___ Information given

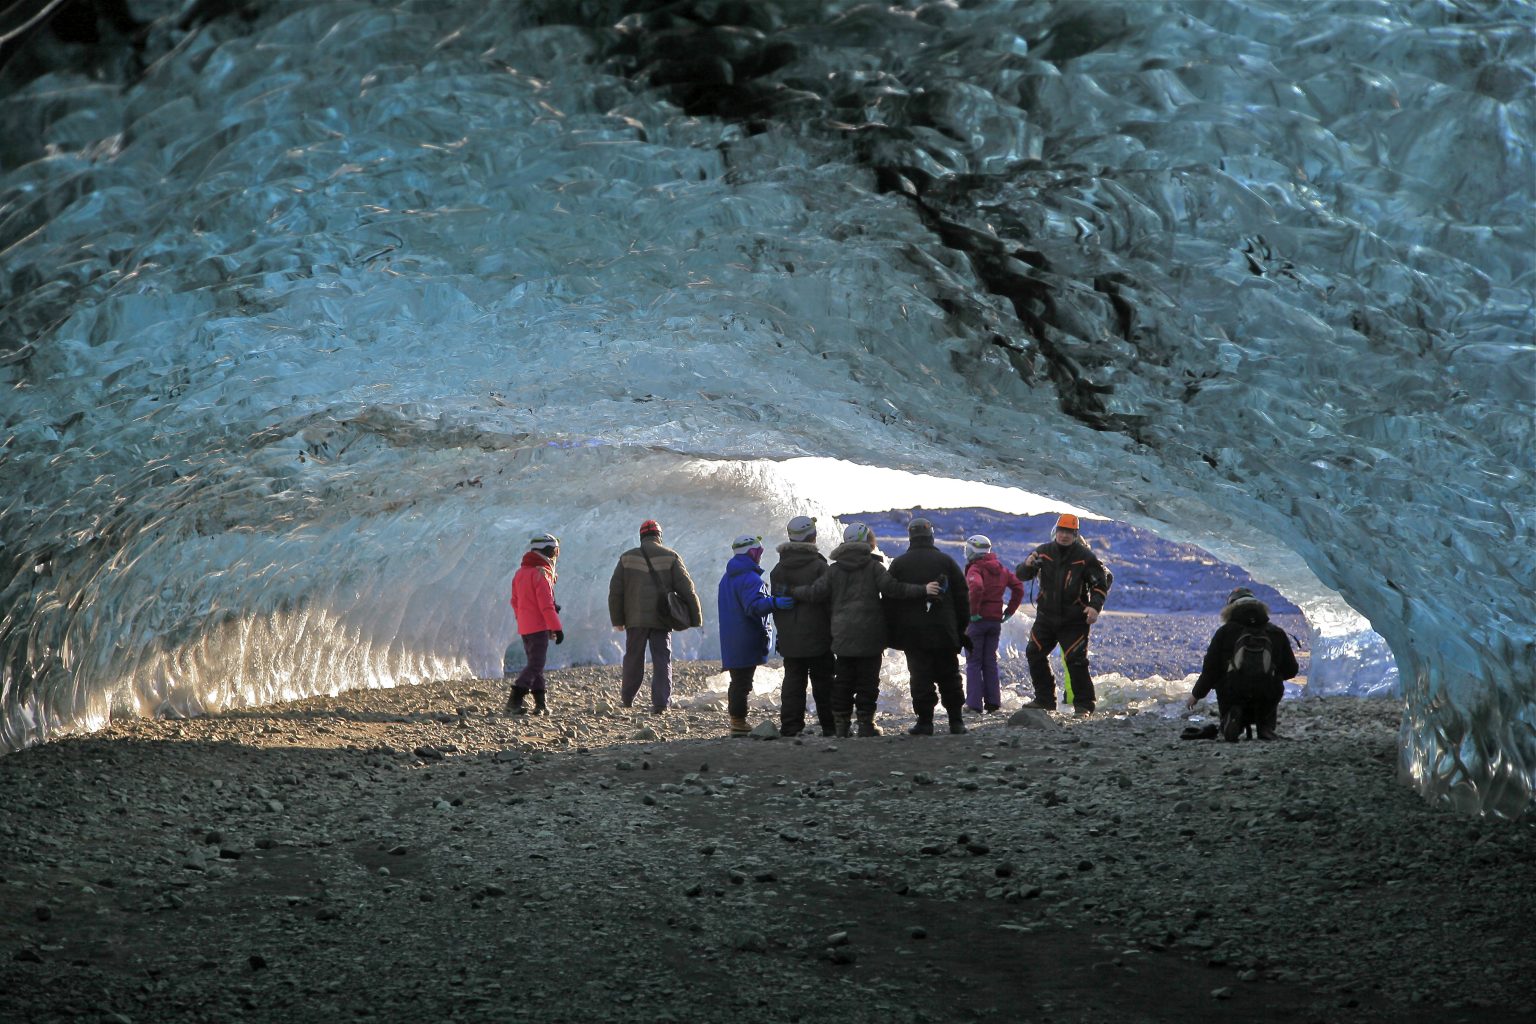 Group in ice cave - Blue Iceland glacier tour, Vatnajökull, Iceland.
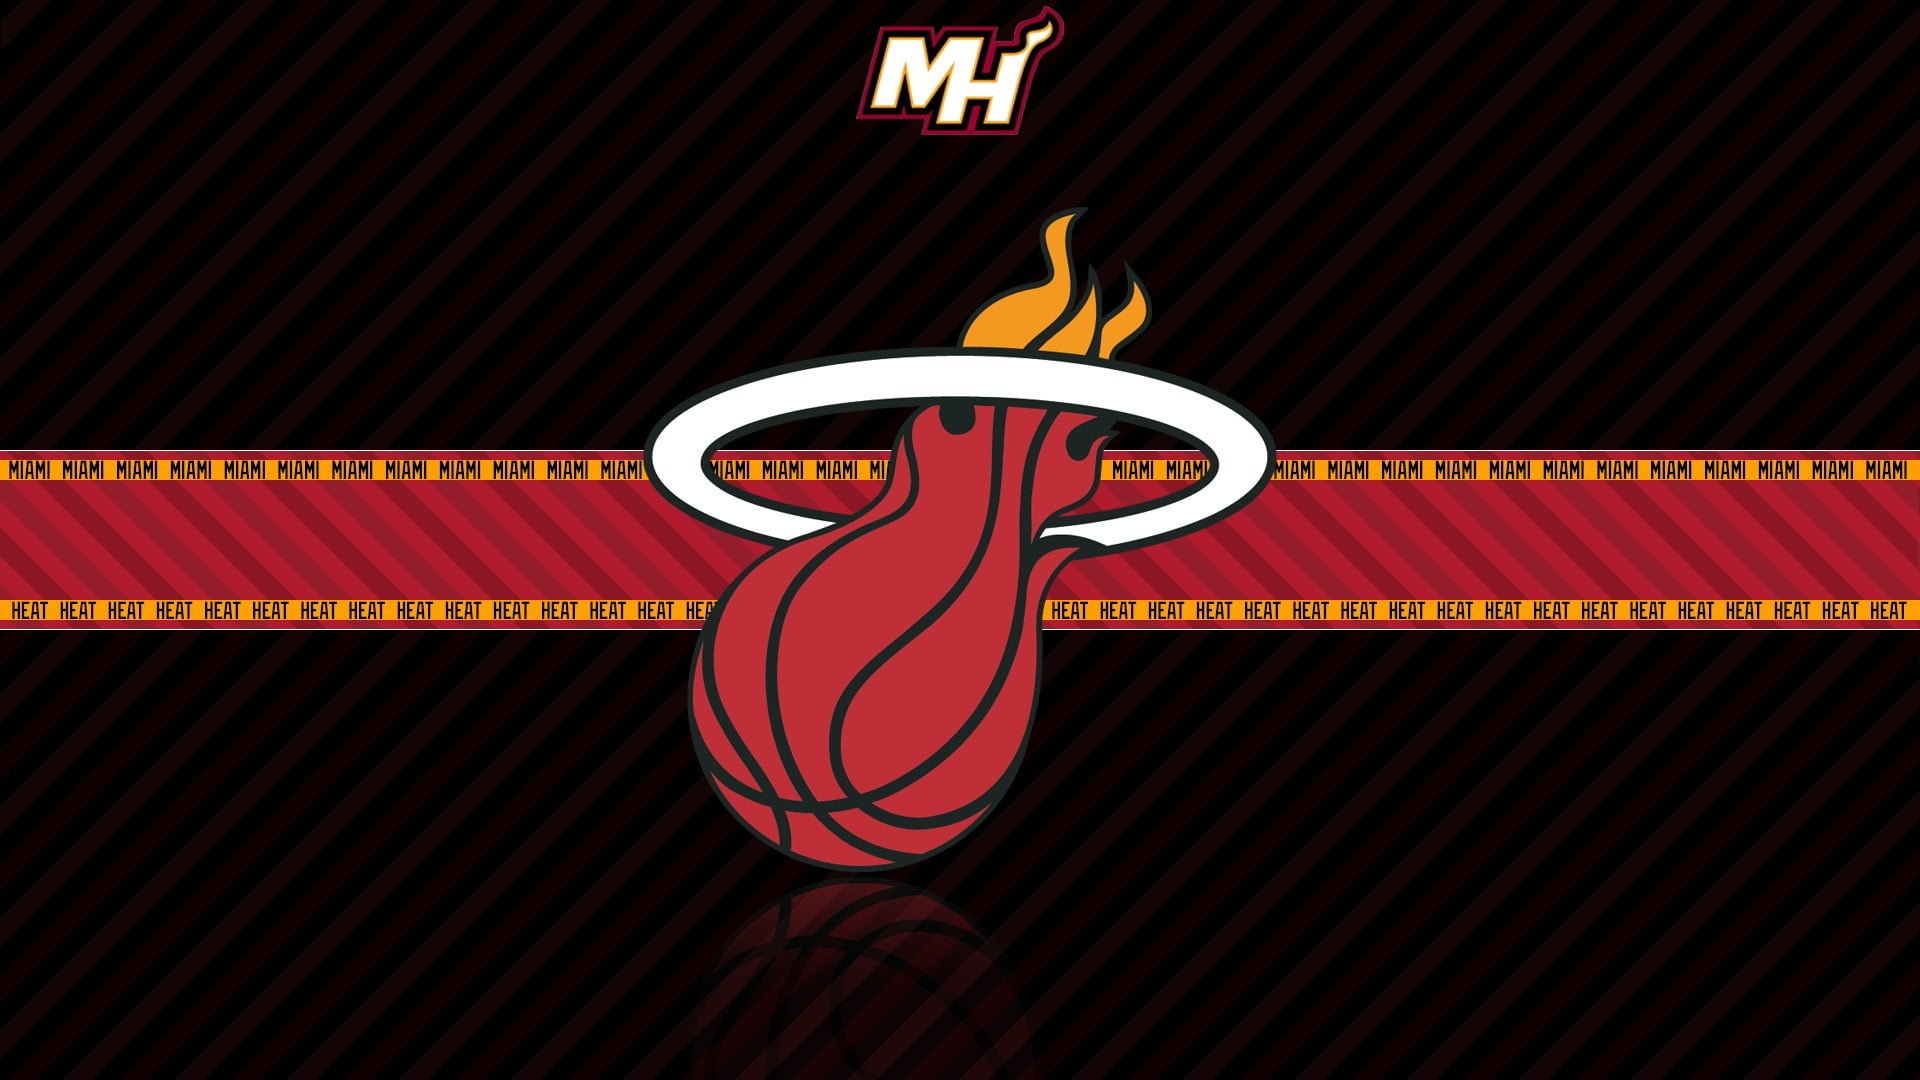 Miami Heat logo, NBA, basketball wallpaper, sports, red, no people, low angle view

______
___ Information given

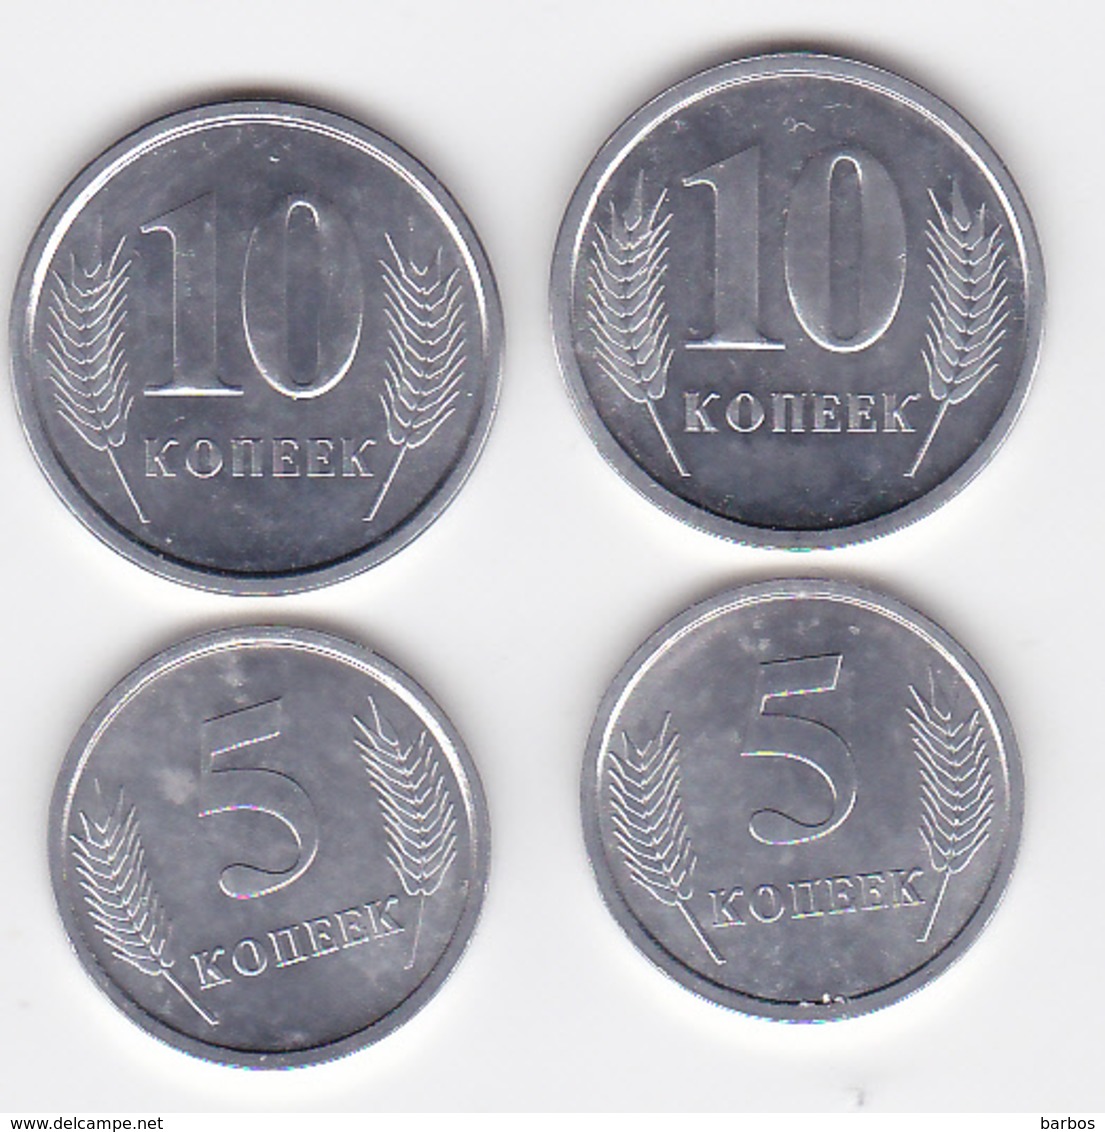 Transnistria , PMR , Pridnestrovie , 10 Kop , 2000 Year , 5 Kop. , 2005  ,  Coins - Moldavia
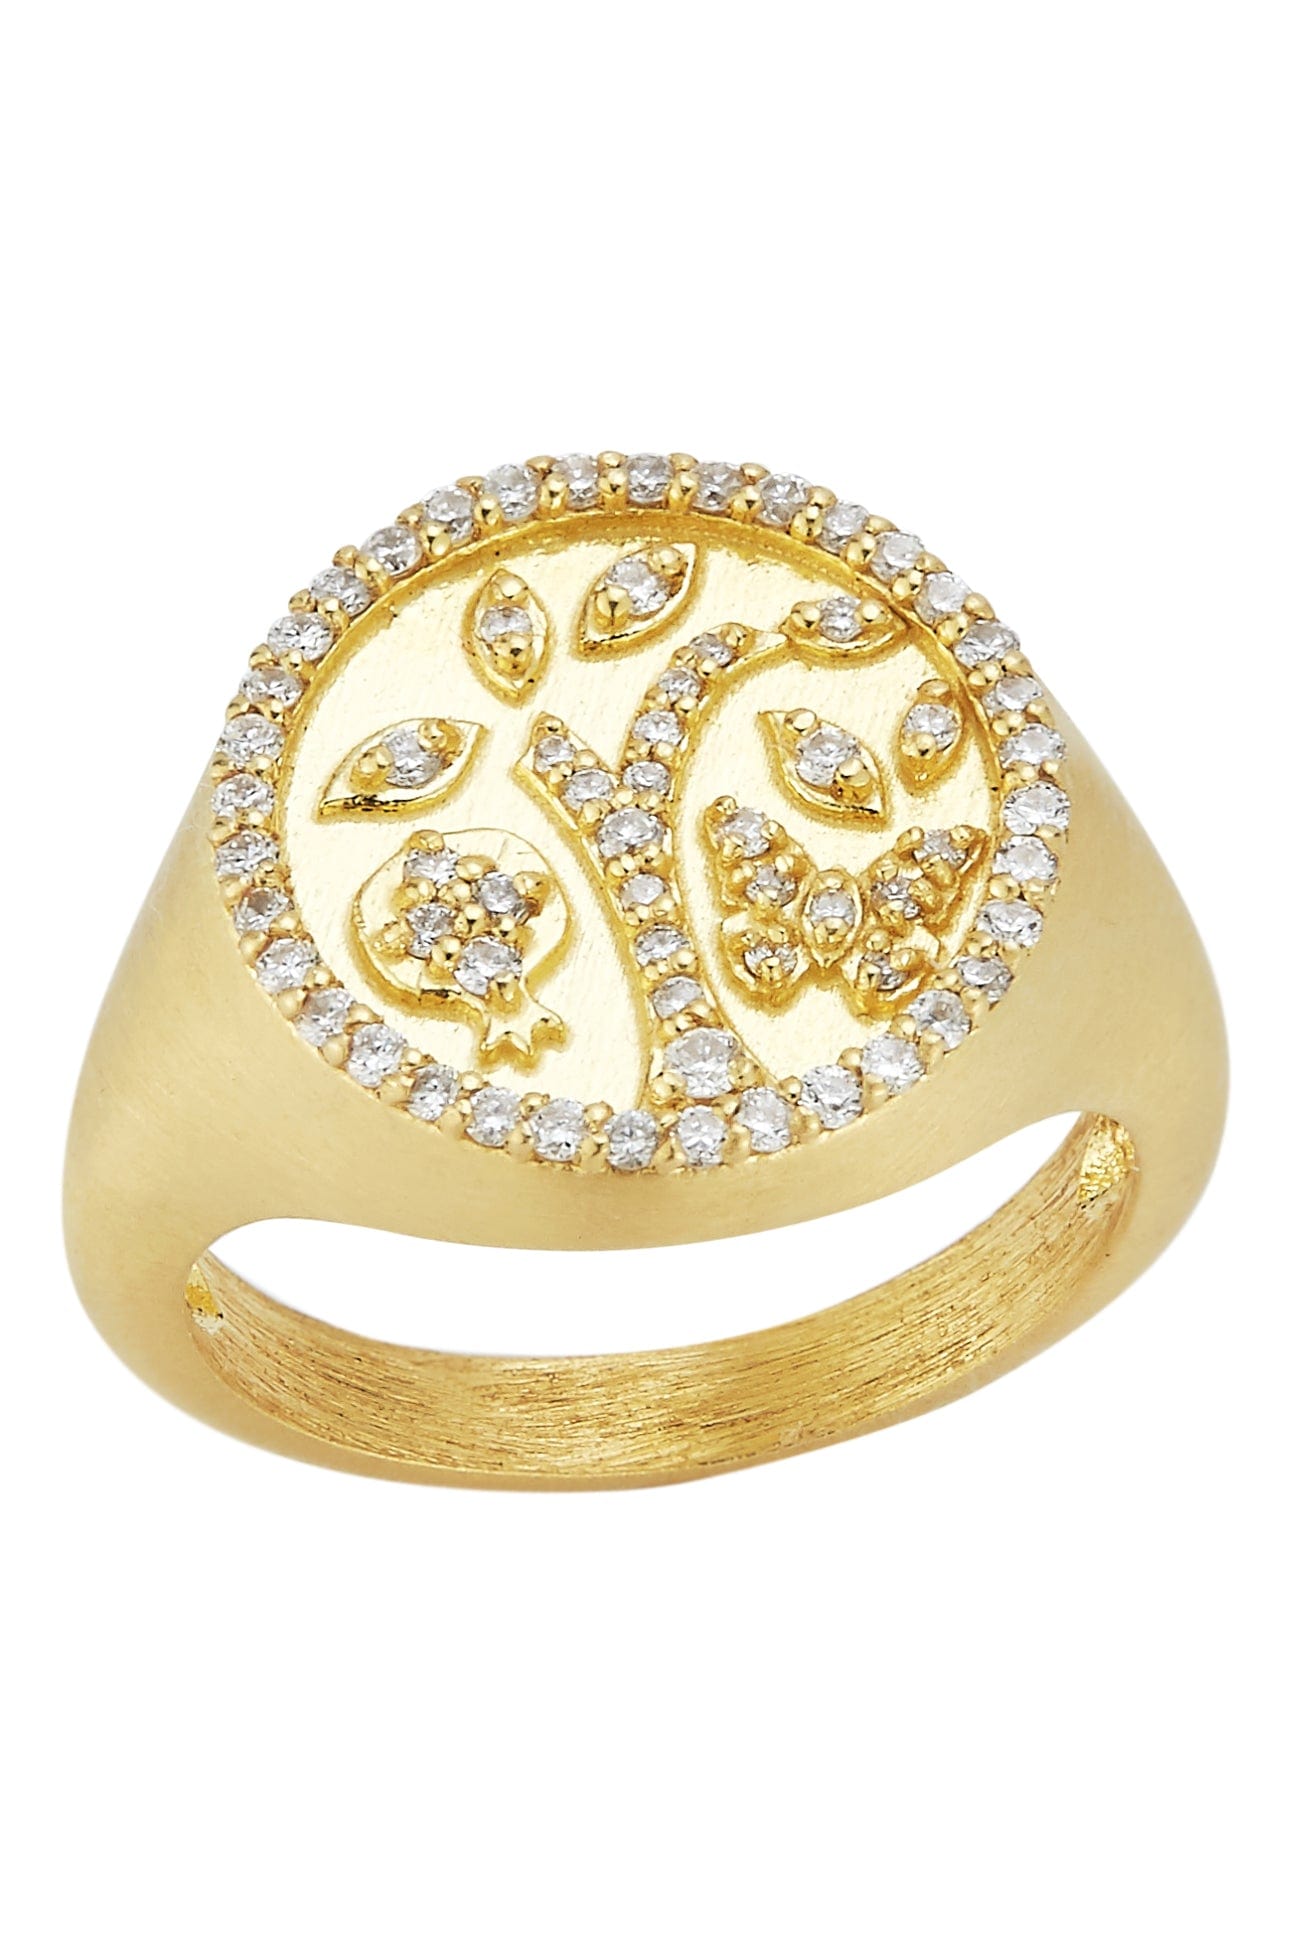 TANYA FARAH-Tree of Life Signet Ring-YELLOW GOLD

______

_What is needed_
Look above for the line with "Group in ice" and the line with "Miami Heat logo, NBA, basketball". Copy them and every line between, exactly, but no pictures.

_Your solution_
 Group in ice cave - Blue Iceland glacier tour, Vatnajökull, Iceland.
 Miami Heat logo, NBA, basketball wallpaper, sports, red, no people, low angle view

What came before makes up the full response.